Спаситель говорит: «Иди до конца», а христианин говорит ему: «Но здесь нет ни одной дороги».
Спаситель говорит: «Оставь все заботы», а христианин говорит ему на это: «А кто же будет тогда растить хлеб и лить железо? Кто будет строить, торговать и воевать?»
Спаситель говорит: «Положи душу свою за ближнего твоего». А христианин говорит: «Нет ничего более естественного, чем любовь к самому себе».
Спаситель говорит: «Доверься Богу своему», а христианин делает вид, что он ничего не слышит и продолжает верить тому, чему его научил здравый разум и правила общественного общежития.
Когда-то, незадолго до смерти, Фридрих Ницше заметил: «Христианством называется все то, что ненавидел Христос».
Это значит, среди прочего, что церковный авторитет, на который так любят ссылаться христиане, на самом деле представляет собой только удобную уловку, позволяющую забыть и не помнить о твоей личной ответственности, переложив на плечи Господа всю полноту заботы о твоем собственном спасении. Но Небеса – если внимательно читать Евангелия – требуют от человека совсем другого. Не исполнения обрядов, и не строительства храмов, и не бесконечного повторения навязчивых проповедей об одном и том же. Они требуют от человека, чтобы он был совершенен, как совершенен Отец наш небесный, а это значит, что они требуют от тебя невозможного, – того, что мыслимо преодолеть, лишь получив благословение самих Небес, которые, впрочем, и пальцем о палец не ударят, чтобы облегчить тебе твой одинокий, абсурдный и обреченный путь.
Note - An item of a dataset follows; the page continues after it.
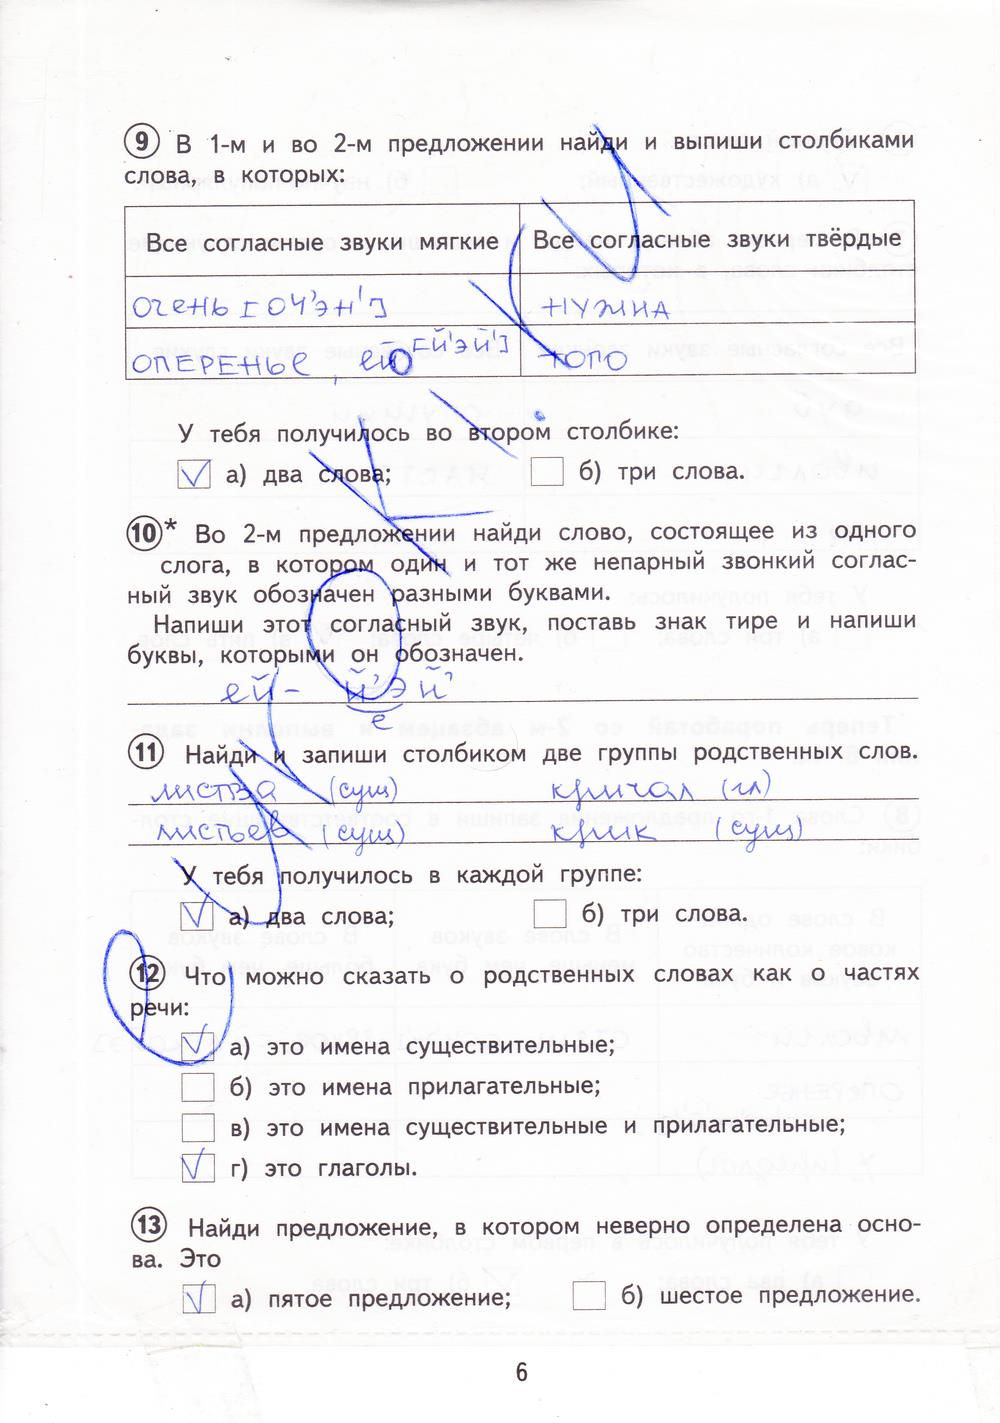 гдз 3 класс тетрадь для проверочных работ страница 6 русский язык Лаврова

Мне кажется, что после ночного побоища, навсегда покидая монастырь, отец Нестор вышел из его стен как победитель, смывающий с себя всю ложь, все притворство и все оправдания, мешающие ему приблизиться к той таинственной области, где царствует эта загадочная чистая вера, не требующая для себя ни подпорок, ни доказательств, ни даже уверенности в правильности избранного тобой пути.
31. Из окна
То, что наместник любил проводить много времени у окна, разглядывая идущих по улице прохожих, знали, конечно, почти все обитатели монастырька, а зная, не очень торопились задерживаться под окнами игуменских покоев, чтобы немного поболтать со случайно встреченным знакомым. Покои эти располагались, как известно, на втором этаже административного корпуса и выходили прямо на центральную улицу имени вождя и учителя всего трудового пролетариата Ульянова-Ленина, открывая из окон наместника прекрасный обзор от знака «Крутой поворот» и аж до самой торговой площади, на которой проводились первомайские митинги и местные парады.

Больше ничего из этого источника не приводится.